- _Action item_
Please make sure what you return matches the listing below exactly, minus its pictures.

- _Provided material_

.....

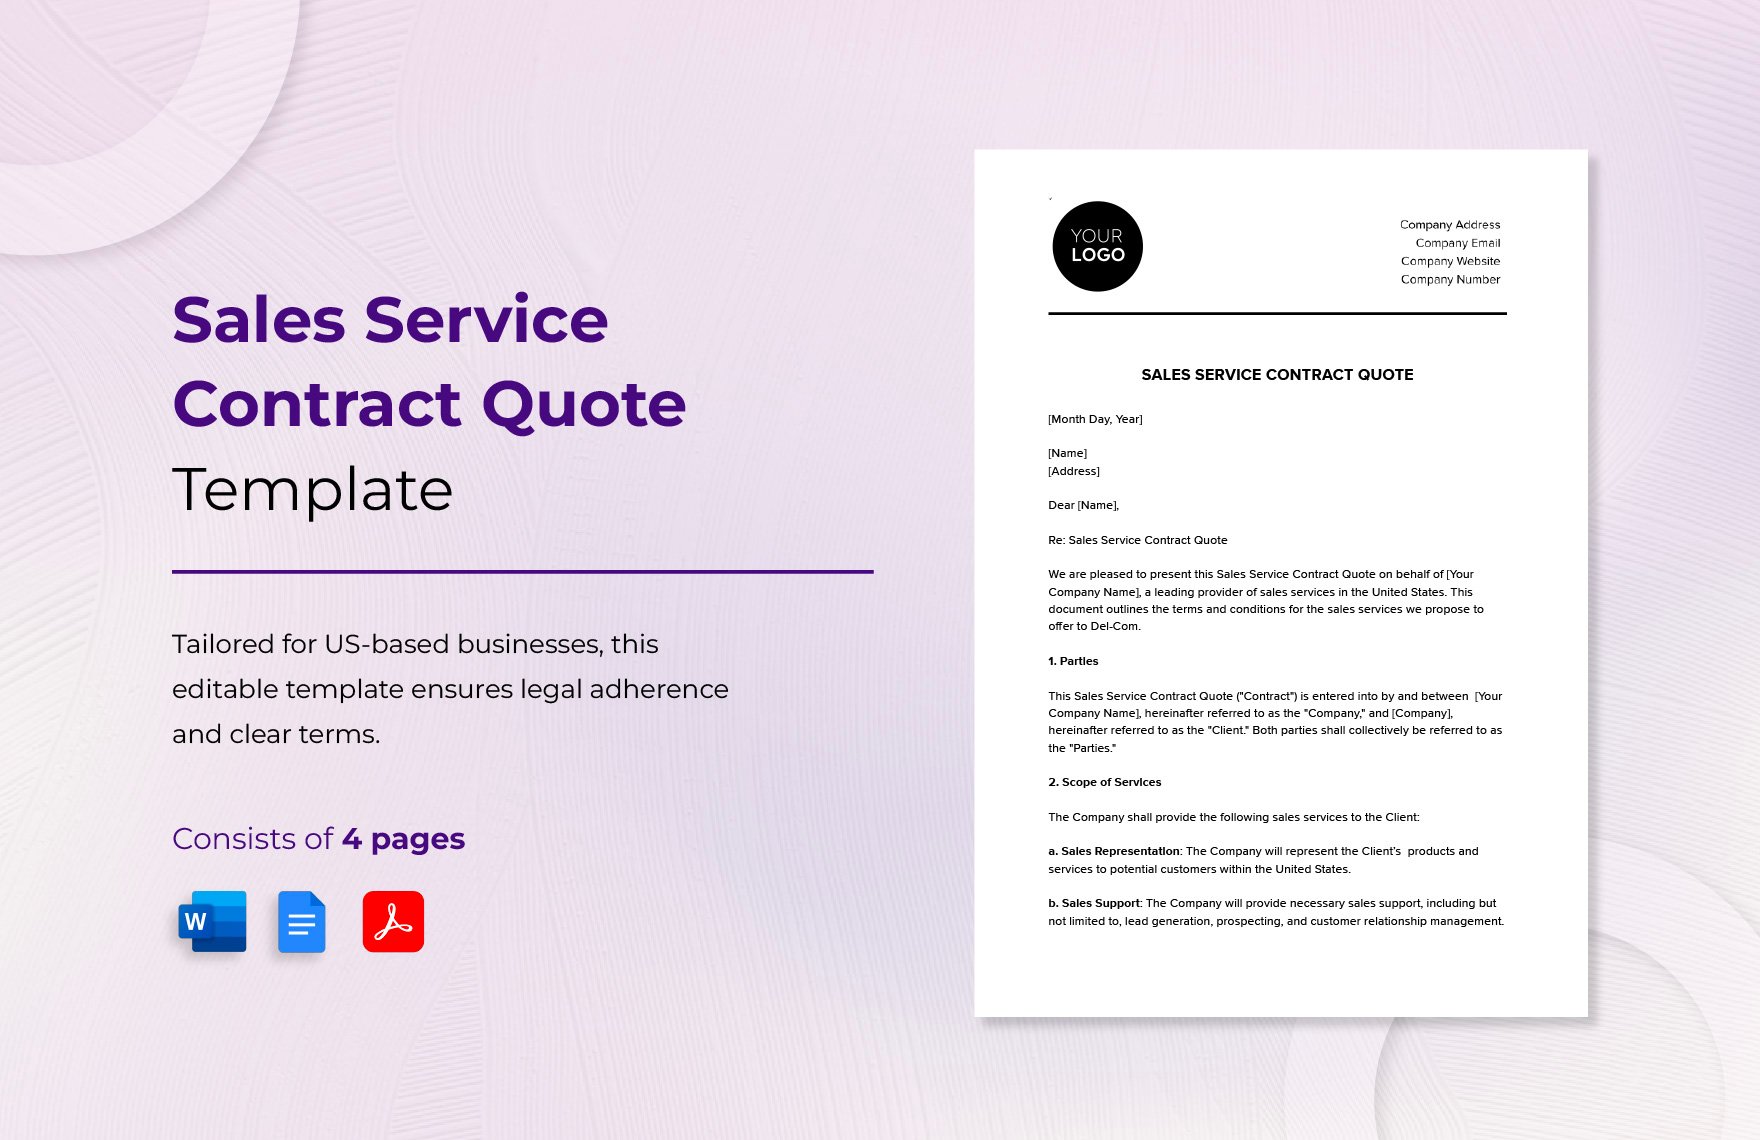 Sales Service Contract Quote Template in Word, Google Docs, PDF
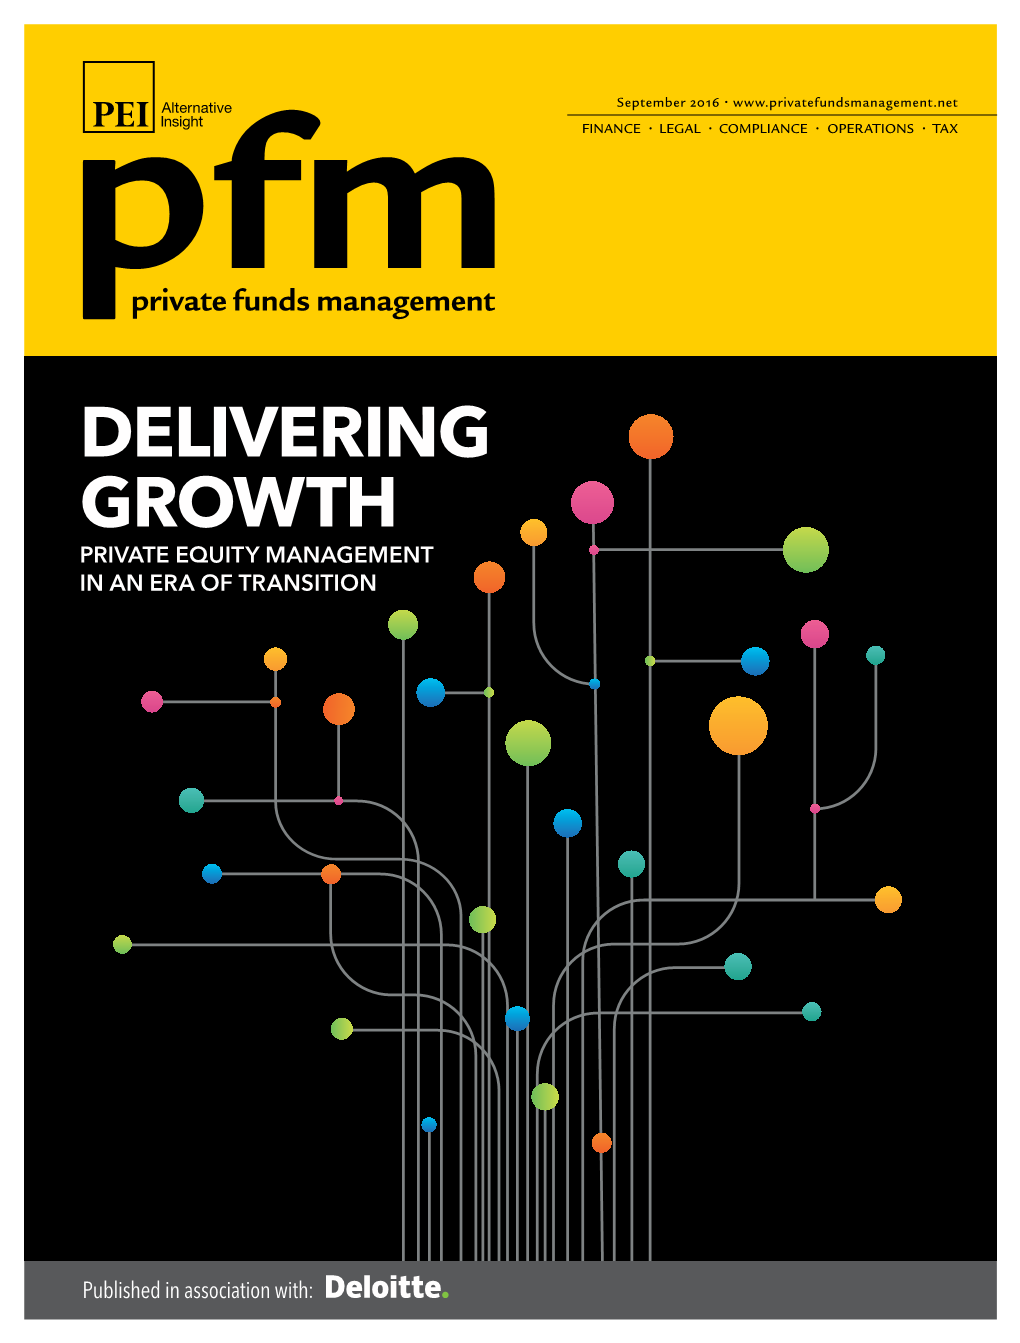 Delivering Growth Private Equity Management in an Era of Transition
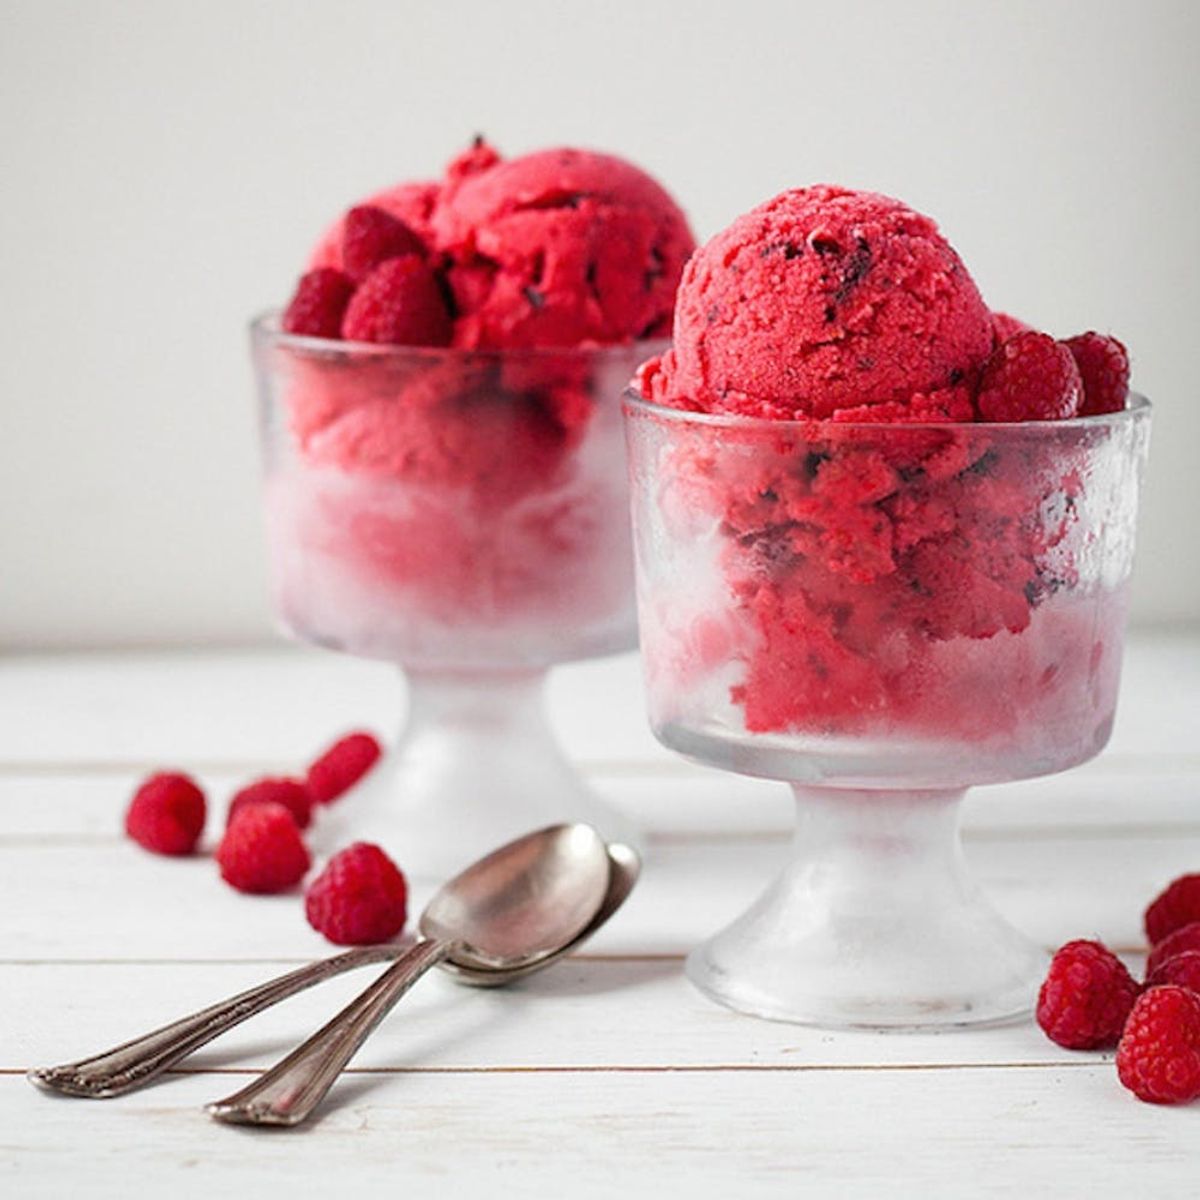 12 Vegan Ice Creams to Scoop If You Just Can’t With Dairy

.....

- _Result for this task_
 Sales Service Contract Quote Template in Word, Google Docs, PDF
 Delivering Growth Private Equity Management in an Era of Transition
 12 Vegan Ice Creams to Scoop If You Just Can’t With Dairy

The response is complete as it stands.